Та кара, что преступник налагает
Сам на себя, страшней и тяжелее
Загробных мук.

 

I may have been, or am, doth rest between
Heaven and myself; I shall not choose a mortal
To be my mediator. <…>
There is no power in holy men,
Nor charm in prayer, nor purifying form
Of penitence, nor outward look, nor fast,
Nor agony, nor, greater than all these,
The innate tortures of that deep despair
Which is remorse without the fear of hell
But all in all sufficient to itself
Would make a hell of heaven,—can exorcise
From out the unbounded spirit, the quick sense
Of its own sins, wrongs, sufferance, and revenge
Upon itself; there is no future pang
Can deal that justice on the self-condemn'd
He deals on his own soul.

  •  

Манфред
Я лелеял грёзы,
<…> на утре юных дней:
Мечтал быть просветителем народов,
Достичь небес, — зачем?

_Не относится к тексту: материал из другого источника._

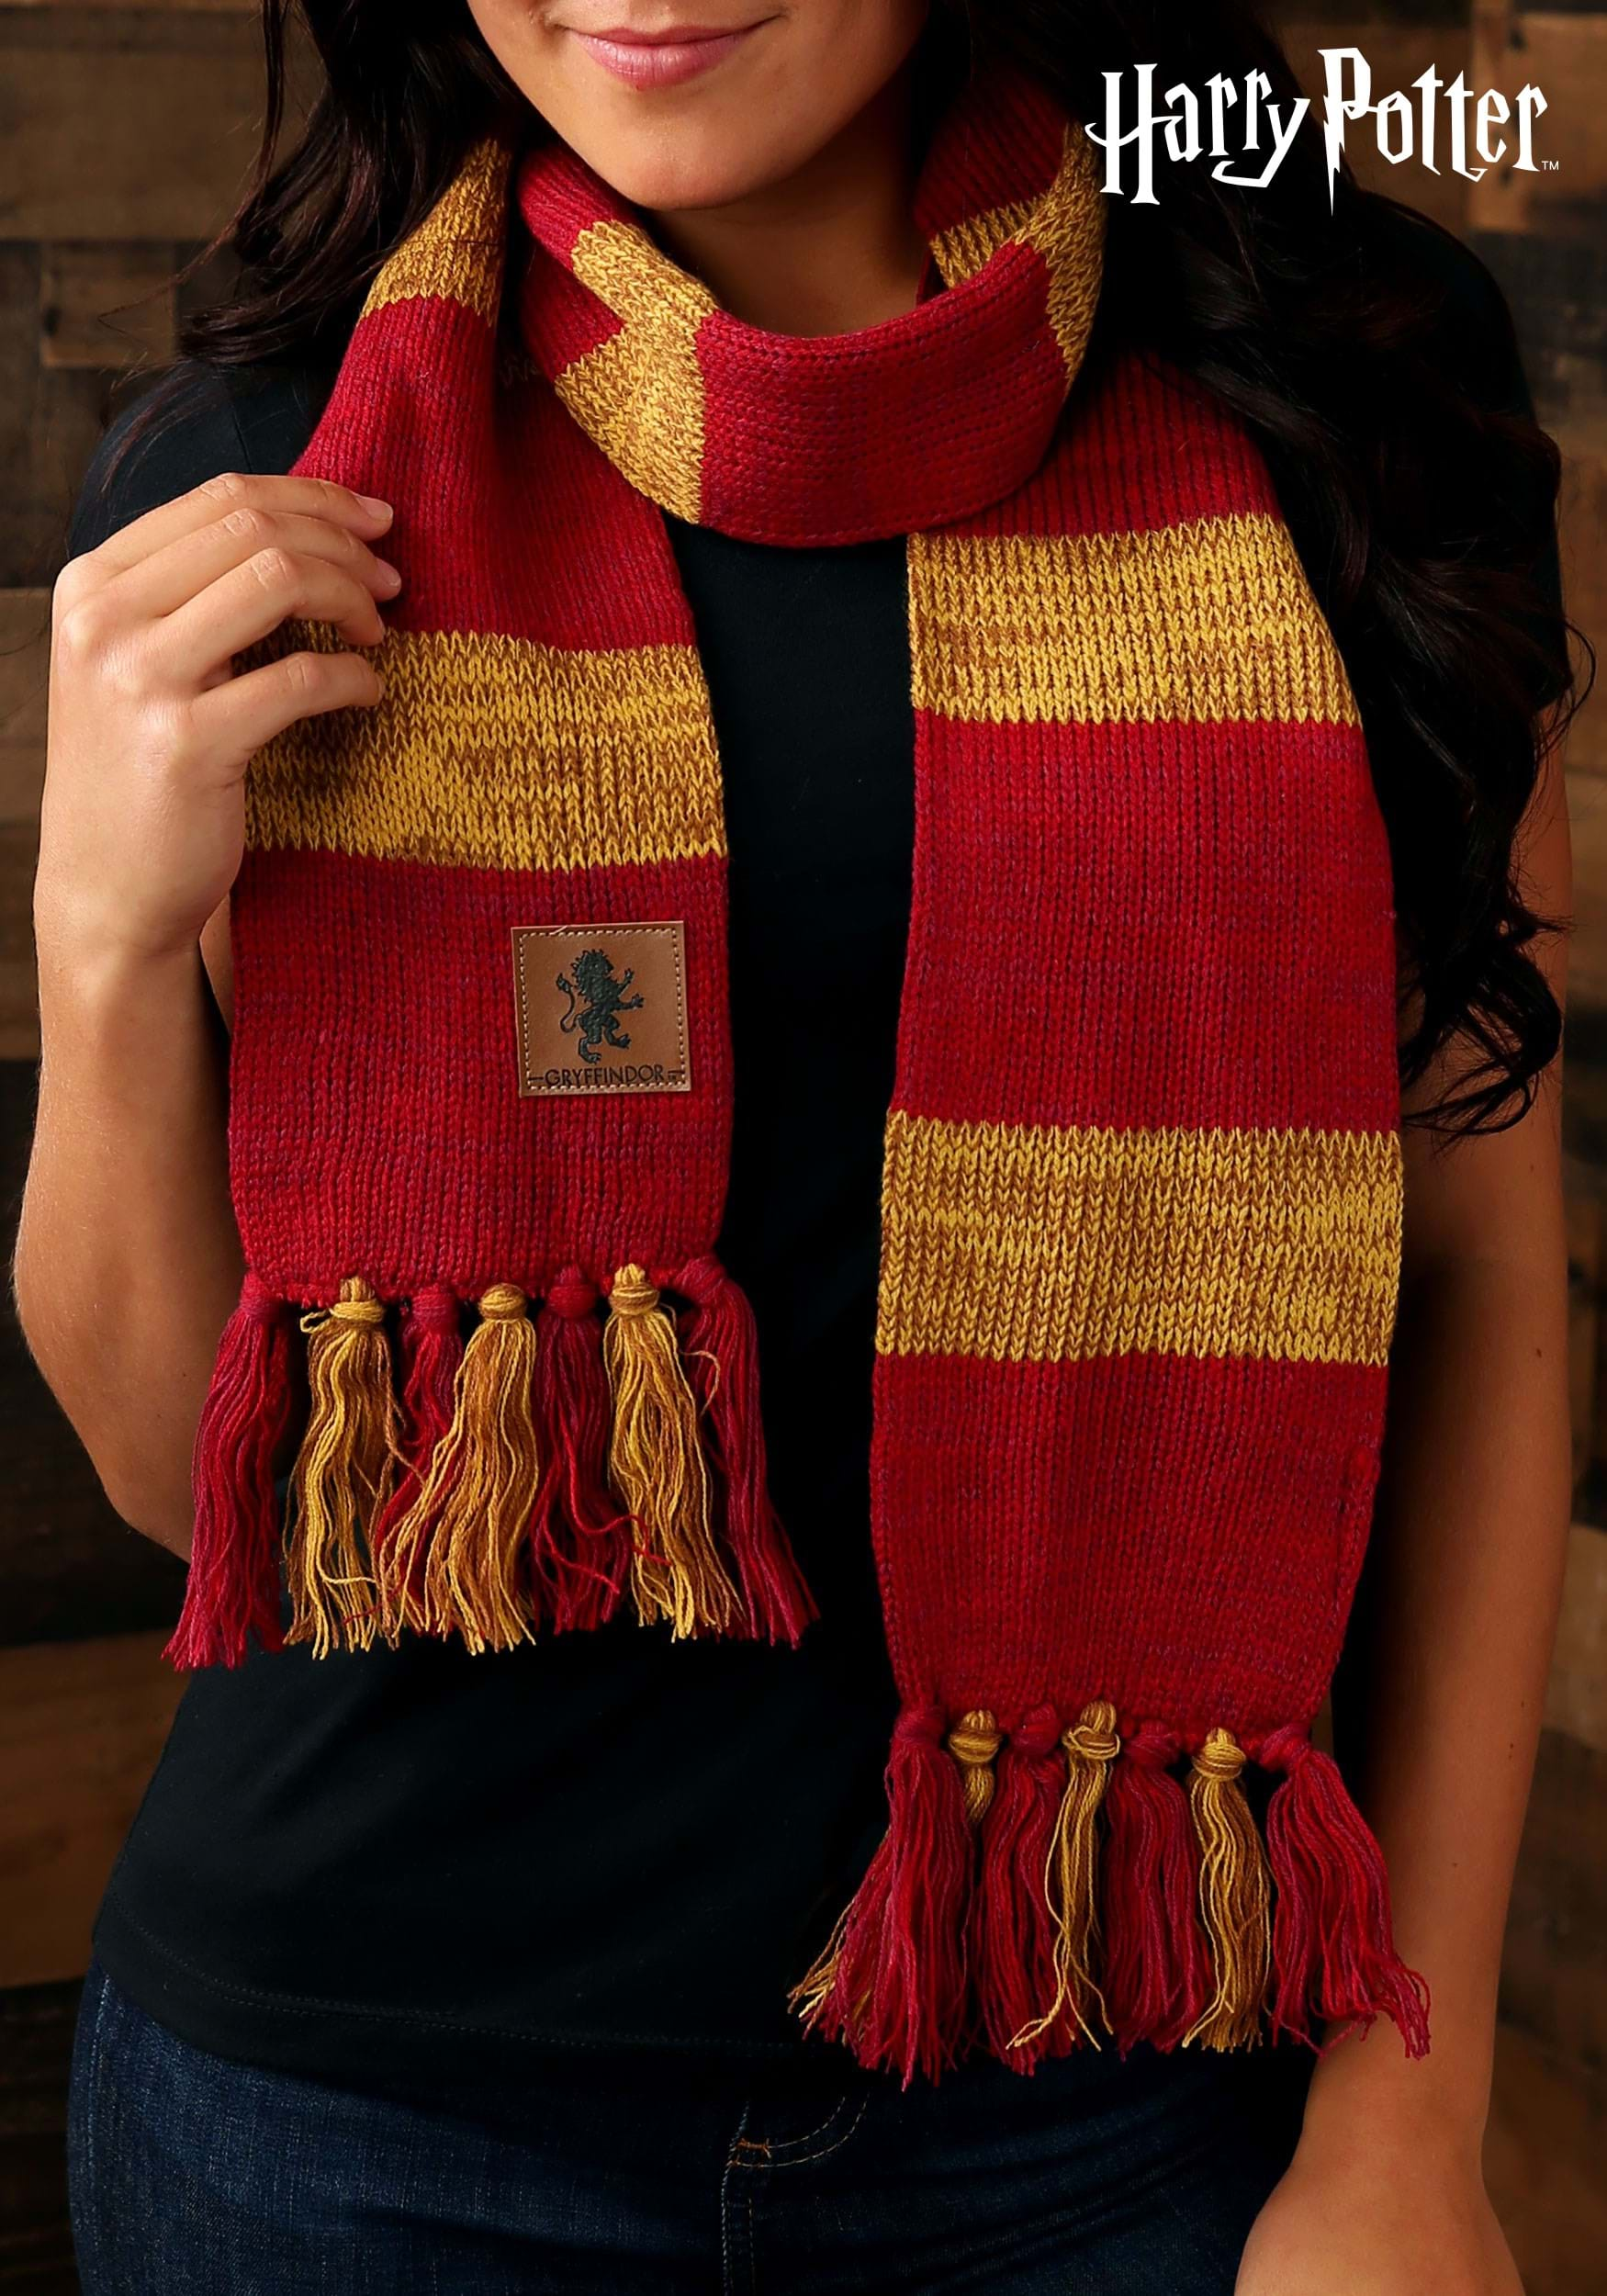 harry potter vintage hogwarts gryffindor scarf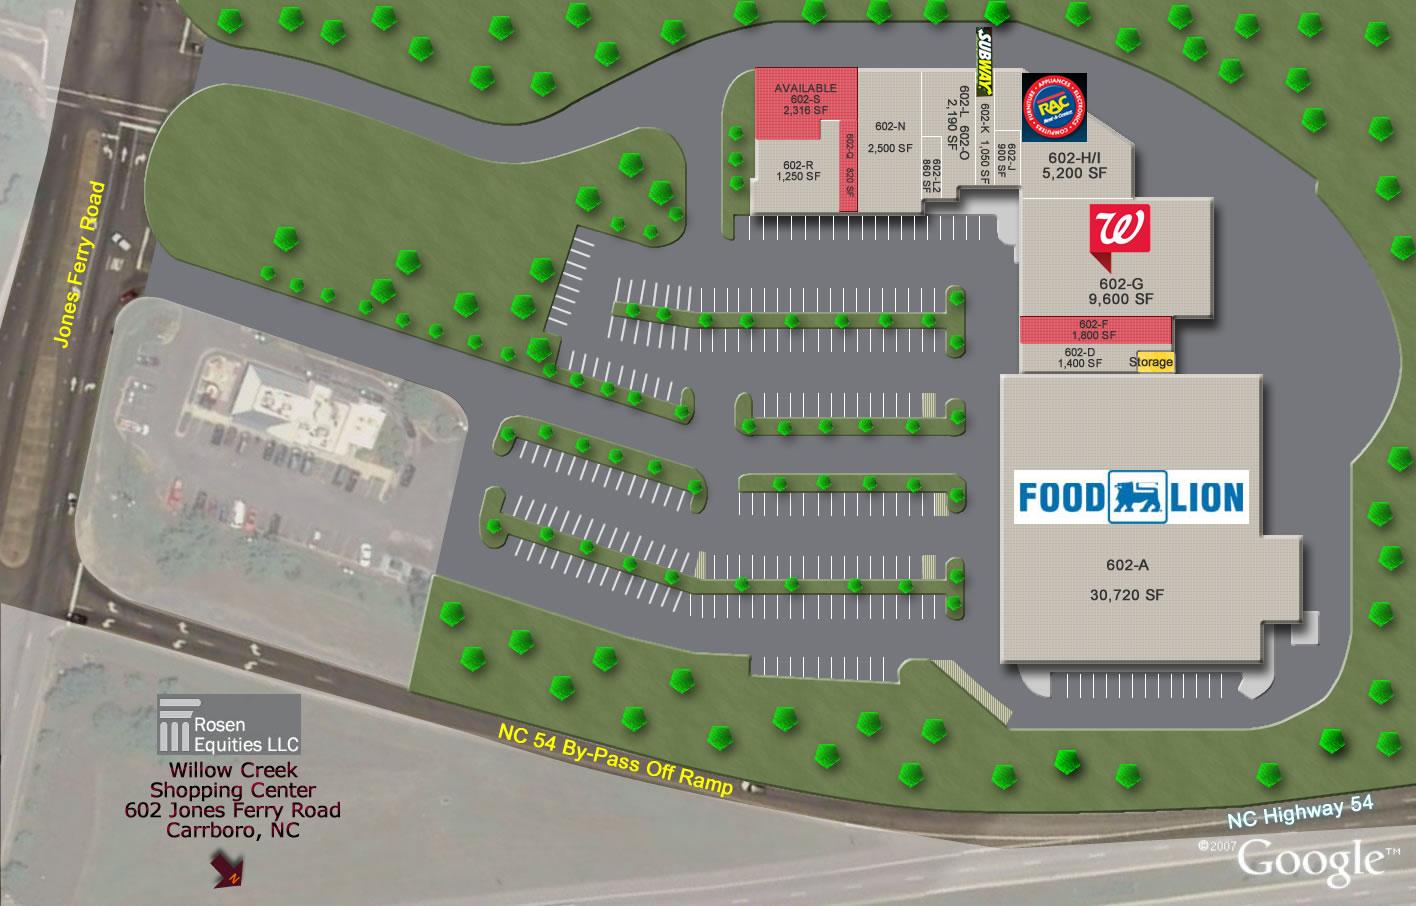 Willow Creek Shopping Center Siteplan

Бог весть! быть может,
Лишь для того, чтоб снова пасть на землю,
Но пасть могучим горным водопадом,
Что, с высоты заоблачной свергаясь
В дымящуюся бездну, восстаёт
Из бездны ввысь туманами и снова
С небес стремится ливнем. — Всё прошло,
И всё это был сон.

Аббат
Но почему же?

Манфред
Я обуздать себя не мог; кто хочет
Повелевать, тот должен быть рабом;
Кто хочет, чтоб ничтожество признало
Его своим властителем, тот должен
Уметь перед ничтожеством смиряться,
Повсюду проникать и поспевать
И быть ходячей ложью. Я со стадом
Мешаться не хотел, хотя бы мог
Быть вожаком. Лев одинок — я тоже.

Аббат
Зачем не жить, не действовать иначе?

Манфред
Затем, что я всегда гнушался жизни.
Я не жесток; но я — как жгучий вихрь,
Как пламенный самум, что обитает
Лишь в тишине пустынь и одиноко
Кружит среди её нагих песков,
В её бесплодном, диком океане.
Он никого не ищет, но погибель
Грозит всему, что встретит он в пути.
Так жил и я; и тех, кого я встретил
На жизненном пути, — я погубил.

 

I have had those earthly visions
<…> in my youth,
To make my own the mind of other men,
The enlightener of nations; and to rise
I knew not whither—it might be to fall;
But fall, even as the mountain—cataract,
Which having leapt from its more dazzling height,
Even in the foaming strength of its abyss
(Which casts up misty columns that become
Clouds raining from the re-ascended skies)
Lies low but mighty still.—But this is past,
My thoughts mistook themselves.

ABBOT. And wherefore so?

MANFRED. I could not tame my nature down; for he
Must serve who fain would sway—and soothe, and sue,
And watch all time, and pry into all place,
And be a living lie, who would become
A mighty thing amongst the mean, and such
The mass are; I disdain'd to mingle with
A herd, though to be leader—and of wolves.
The lion is alone, and so am I.

ABBOT. And why not live and act with other men?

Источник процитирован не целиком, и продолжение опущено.